Does Grizzle truly realize the nature of NMMI?

Institute graduates, like others experiencing rigorous military or prep programs, often have mixed feelings, “I’m so glad to be finished, and yet I’m so glad that I went through it.” It often takes years before an alumnus reestablishes the relationship. Further, the institute’s high school or junior college graduates go on to become alumni from four-year colleges; and their involvement is thus split between two institutions. …

More needed for improvement

MANY OF our children and their test scores and their reading skills and graduation rates will be better when they enter school ready to learn. Reform of the local communities in which they live is important. Your editorial “Data show why NM needs education reform,” May 25, does not go into a basic reason for the low performance of many children. Neglected neighborhoods, drugs, unemployment, racism, hunger, absent parents, chronic stress and hopelessness all are in urgent need of reform.

The editorial refers to “entrenched resistance to change.” There is entrenched resistance by our political and economic leaders to changes that are needed to improve the culture from which many children enter the education system. Small steps are in process. Many more resources are required.

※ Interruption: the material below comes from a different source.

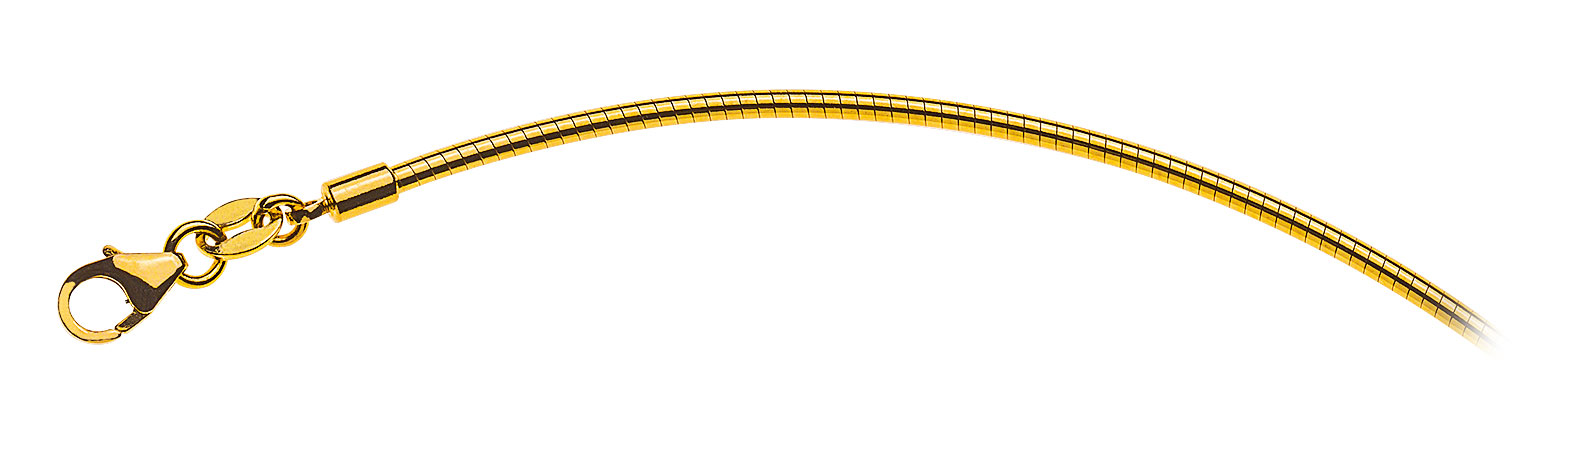 AURONOS Prestige Necklace yellow gold 18K omega chain 42cm 1.8mm

Don’t make teachers transfer

DO SUPERINTENDENT Winston Brooks and APS Board President Martin Esquivel really think that transferring teachers against their will to schools where they have no relationship or commitment is going to “fix” schools? Do they really think that the only reason some kids don’t do well in school is because of “bad teachers?”

That is pretty convenient for letting every other cause – hunger, homelessness, not enough health or dental care, employers who preach “family values” out of one side of their mouths, but don’t pay a living wage and refuse to give even unpaid, let alone paid, leave for parent conferences or sick children, and general lack of tangible resources for academic intervention, small classes, and after-school activities – off the hook.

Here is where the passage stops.